An event or perception is said to be paranormal if it involves forces or agencies that are beyond scientific explanation. Many paranormal events are said to be experienced only by those with psychic powers, such as extrasensory perception or psychokinesis.

Some events are perceived as paranormal due to ignorance or magical thinking. For example, parapsychologist Charles Tart explains how he first got interested in the paranormal:

There was a time, years ago, when I was highly skeptical of any paranormal claims of any kind. One of the things that convinced me that there must be something to this is a strange experience that I personally went through. It was wartime. I was at Berkeley, California, and everybody was working overtime....the young lady who was my assistant at the time worked with me until very late this one night. She finally went home; I went home. Then the very next day she came in, all excited....She reported that during this night she had suddenly sat bolt upright in her bed, convinced that something terrible had happened. "I had a terrible sense of foreboding," she said, but she did not know what had happened. "I immediately swung out of bed and went over to the window and looked outside to see if I could see anything that might have happened like an accident. I was just turning away from the window and suddenly the window shook violently. I couldn't understand that. I went back to bed, woke up the next morning and listened to the radio." A munitions ship at Port Chicago had exploded. It literally took Port Chicago off the map. It leveled the entire town and over 300 people were killed....She said she had sensed the moment when all these people were snuffed out in this mighty explosion. How would she have suddenly become terrified, jumped out of bed, gone to the window, and then - from 35 miles away, the shock wave had reached Berkeley and shook the window? (Randi 1992)*

There is no need to perceive this event as paranormal, according to James Randi, who recorded this story. A shock wave travels at different speeds through the ground and through the air. The difference over 35 miles would be 8 seconds. Most likely the shaking earth woke up the young lady in a fright and 8 seconds later the window shook. She and Tart assumed that the explosion took place when the window shook, making her experience inexplicable by the known laws of physics.

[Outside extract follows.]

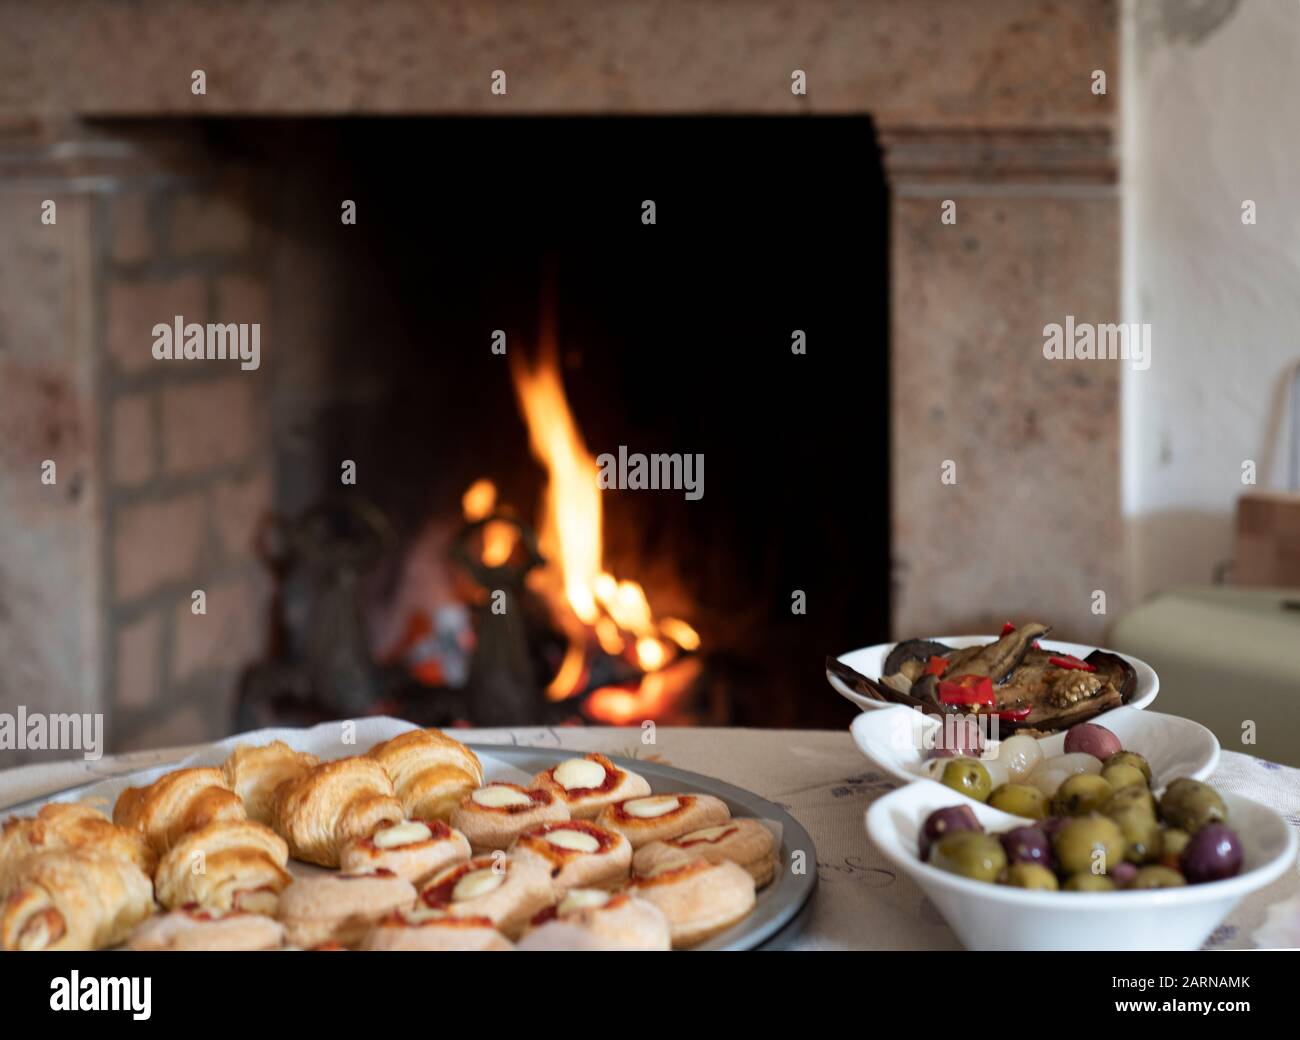 Plates of food and olives near a burning fire in a brick hearth indoors in close up with focus to the food Stock Photo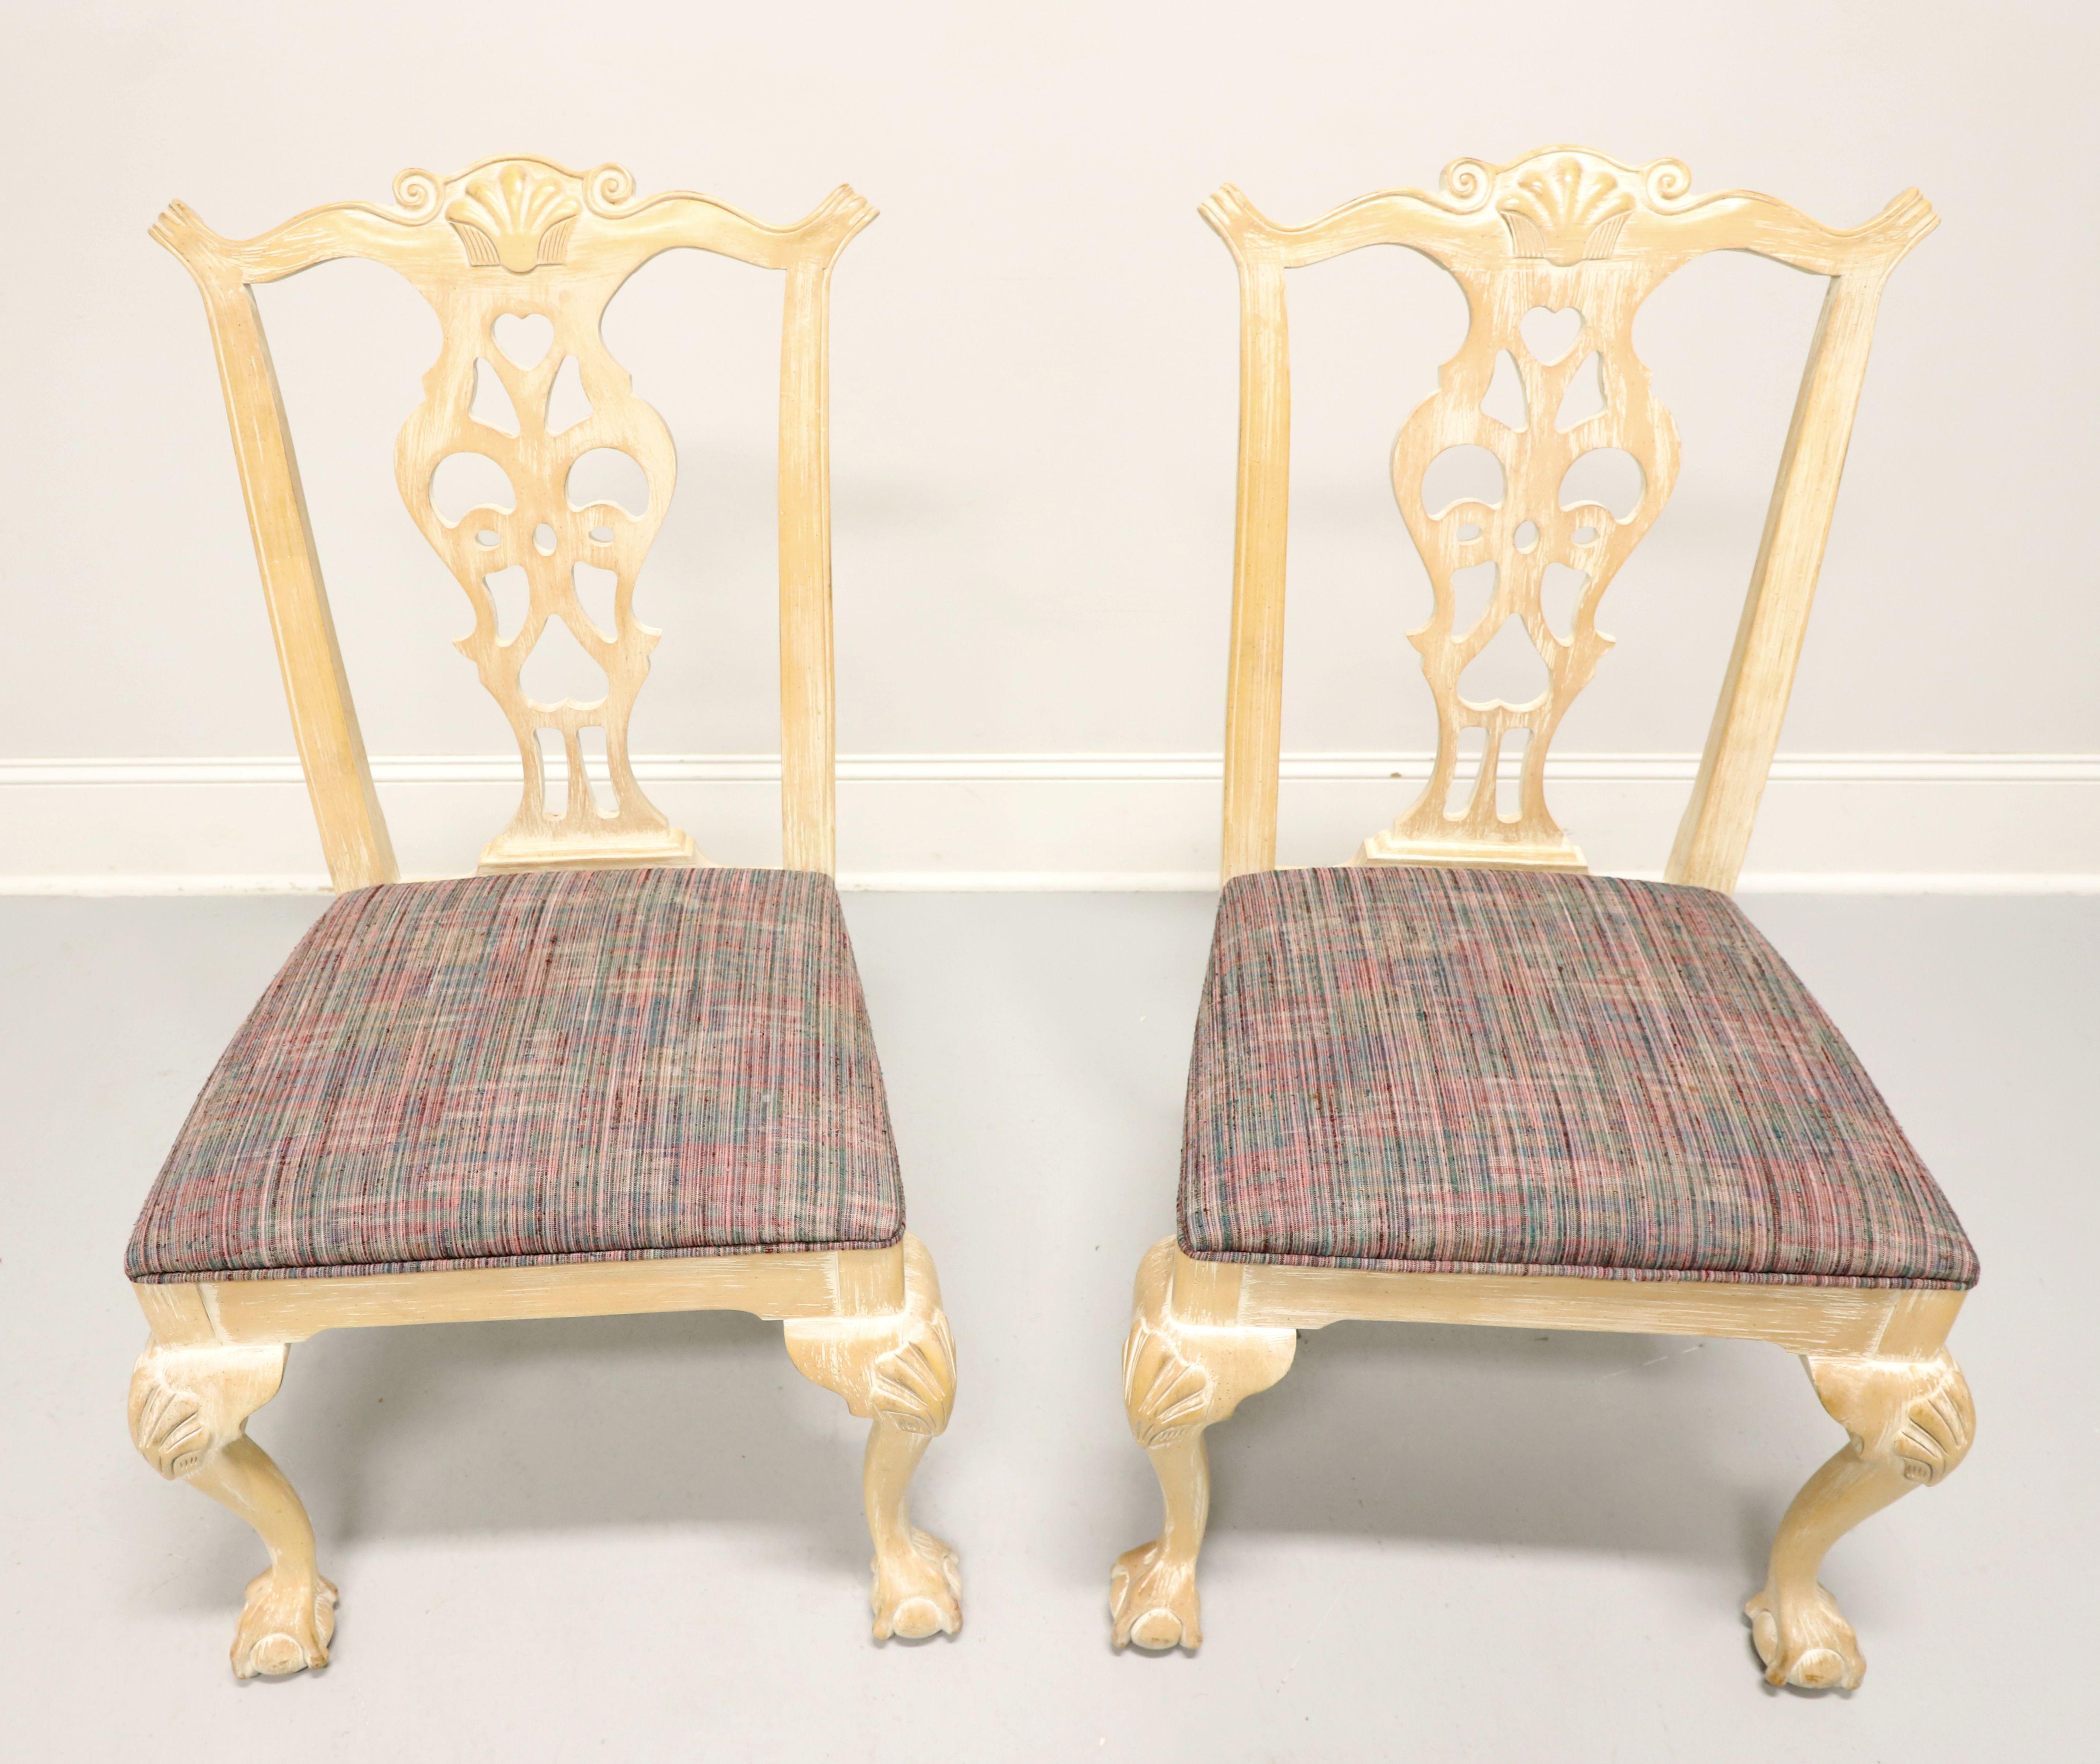 A pair of dining side chairs in the Chippendale style by Century Furniture. Solid hardwood with scrubbed white & distressed finish, carved backrest, multi-color fabric upholstered seat, carved knees, cabriole legs, and ball in claw feet. Made in

This explanation only makes sense, however, if one is ignorant of the known laws of physics.


note: The Randi article suggests that Tart is the one working in Berkeley with a lab assistant. Tart was born in 1937 and the Port Chicago explosion occurred in 1944. Tart may have been a prodigy but I doubt that at age seven he had his own lab. The point of the story is that Tart preferred the paranormal explanation to the mundane one, as do many true believers.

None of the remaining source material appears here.